Data below: Begin

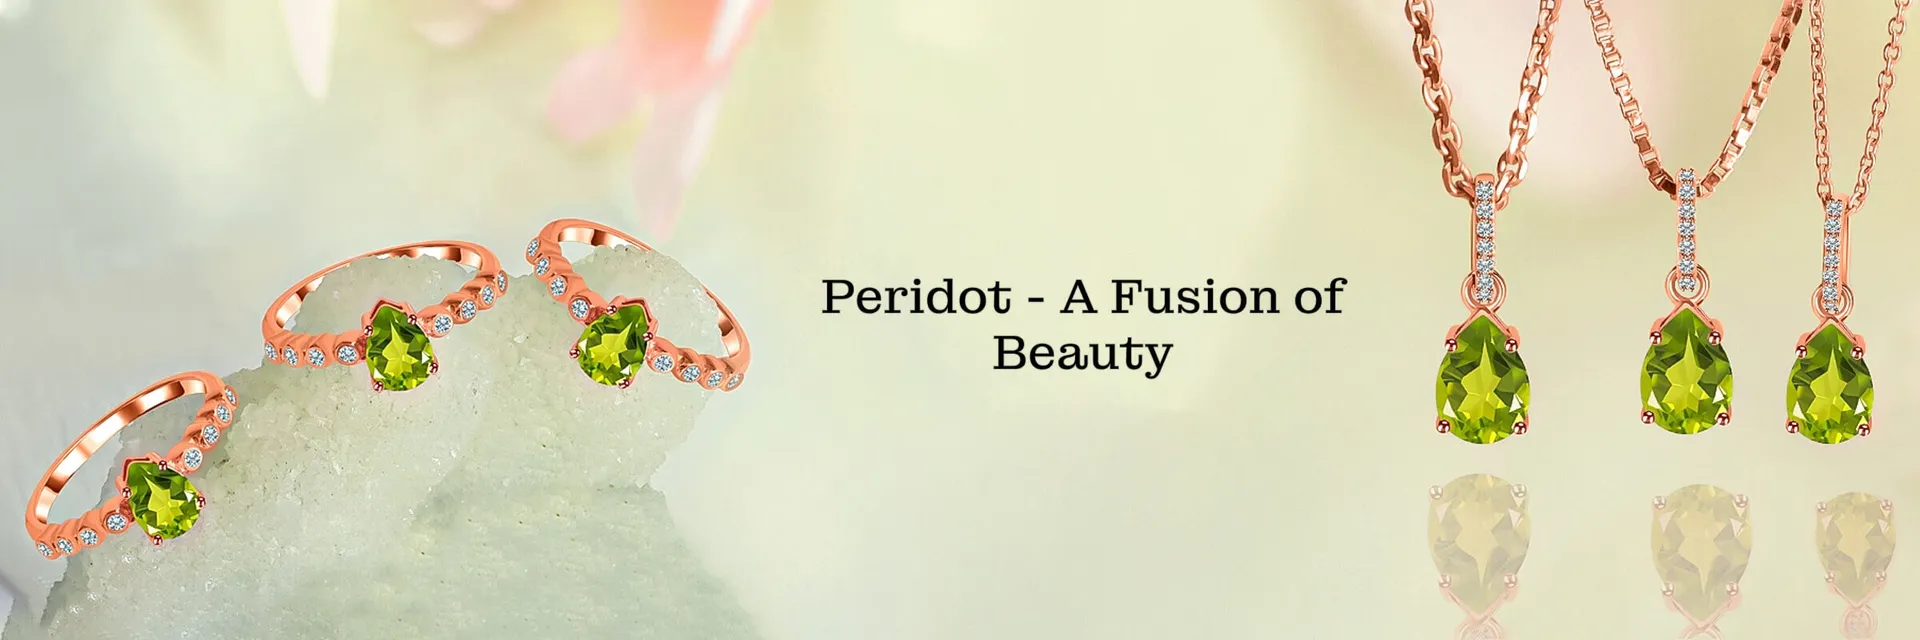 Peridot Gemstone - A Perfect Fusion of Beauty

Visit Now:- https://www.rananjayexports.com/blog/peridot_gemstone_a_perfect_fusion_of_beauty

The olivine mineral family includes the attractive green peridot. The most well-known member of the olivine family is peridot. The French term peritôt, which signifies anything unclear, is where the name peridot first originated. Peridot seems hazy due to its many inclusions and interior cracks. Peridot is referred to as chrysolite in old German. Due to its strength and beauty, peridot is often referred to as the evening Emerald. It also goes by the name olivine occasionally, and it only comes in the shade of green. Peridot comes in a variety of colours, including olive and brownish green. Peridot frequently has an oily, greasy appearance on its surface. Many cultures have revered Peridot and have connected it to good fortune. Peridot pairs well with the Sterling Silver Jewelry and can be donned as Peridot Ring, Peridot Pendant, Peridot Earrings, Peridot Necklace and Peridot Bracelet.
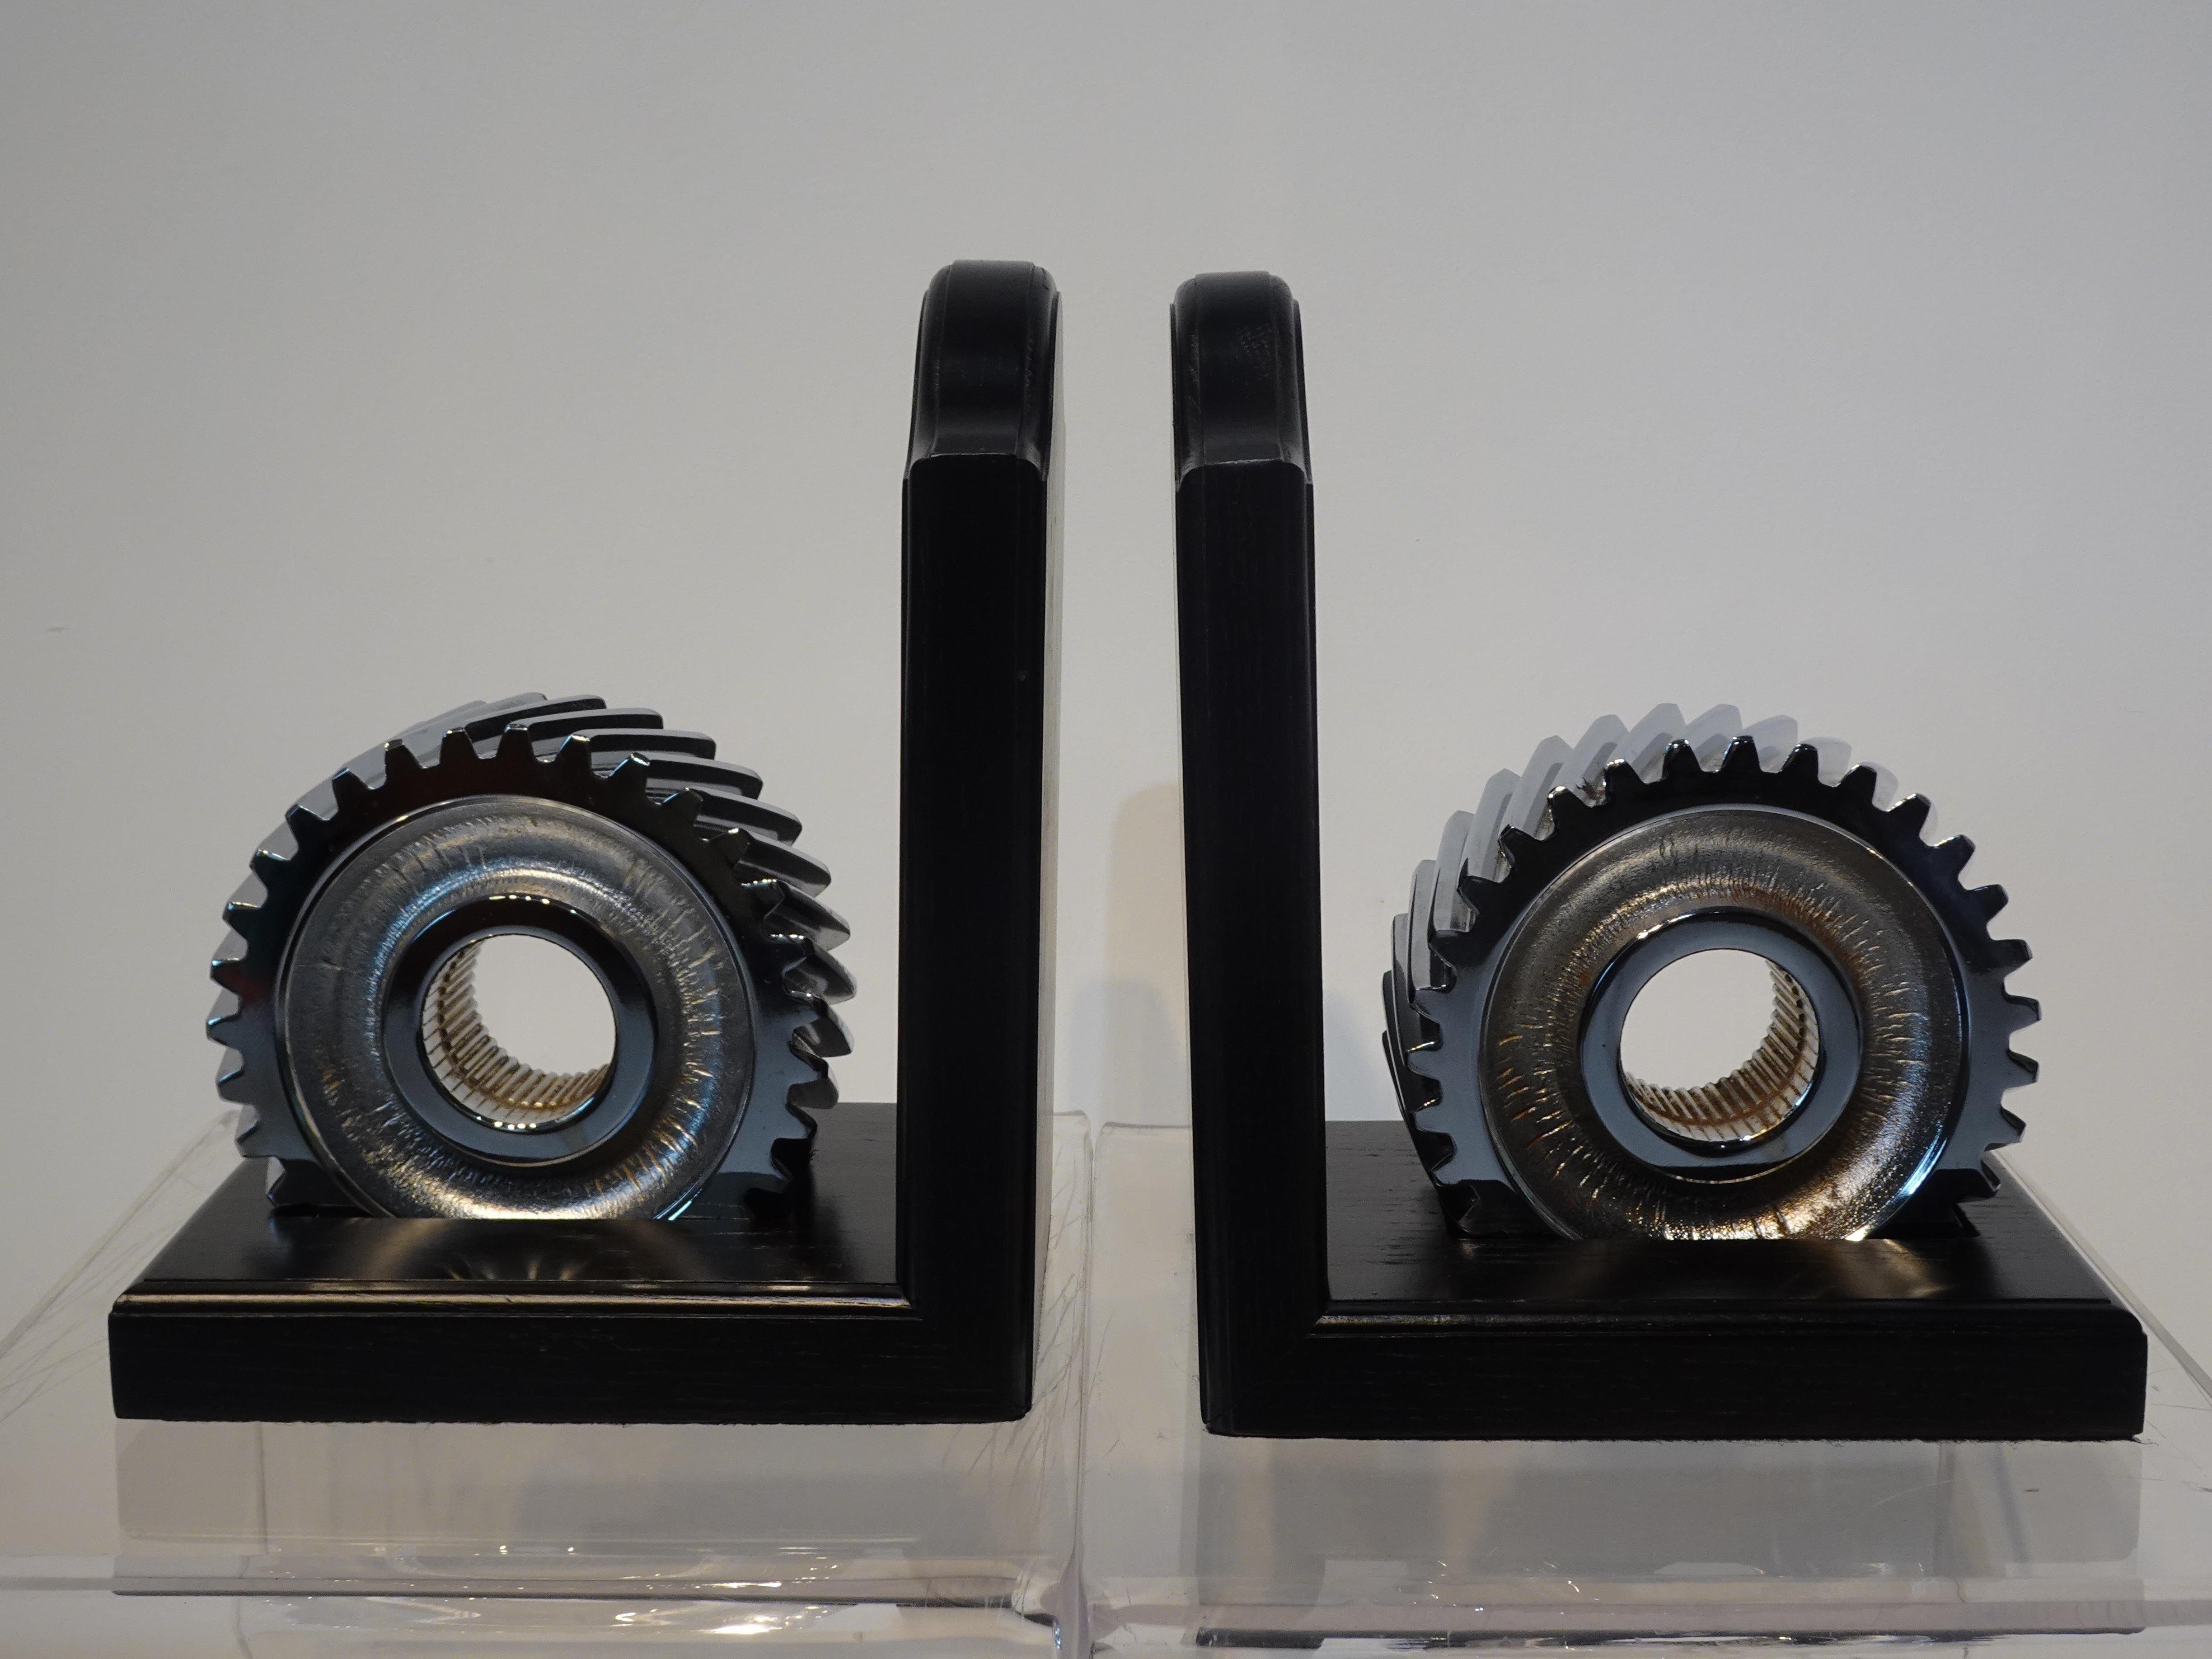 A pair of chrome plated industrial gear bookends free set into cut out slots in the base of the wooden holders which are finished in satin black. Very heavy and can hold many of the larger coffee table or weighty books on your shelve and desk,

Data below: End

◆ What is required ◆
Restate, word for word, all of the material above, leaving out the images.

◆ Written response ◆
 Peridot Gemstone - A Perfect Fusion of Beauty

Visit Now:- https://www.rananjayexports.com/blog/peridot_gemstone_a_perfect_fusion_of_beauty

The olivine mineral family includes the attractive green peridot. The most well-known member of the olivine family is peridot. The French term peritôt, which signifies anything unclear, is where the name peridot first originated. Peridot seems hazy due to its many inclusions and interior cracks. Peridot is referred to as chrysolite in old German. Due to its strength and beauty, peridot is often referred to as the evening Emerald. It also goes by the name olivine occasionally, and it only comes in the shade of green. Peridot comes in a variety of colours, including olive and brownish green. Peridot frequently has an oily, greasy appearance on its surface. Many cultures have revered Peridot and have connected it to good fortune. Peridot pairs well with the Sterling Silver Jewelry and can be donned as Peridot Ring, Peridot Pendant, Peridot Earrings, Peridot Necklace and Peridot Bracelet.
 A pair of chrome plated industrial gear bookends free set into cut out slots in the base of the wooden holders which are finished in satin black. Very heavy and can hold many of the larger coffee table or weighty books on your shelve and desk,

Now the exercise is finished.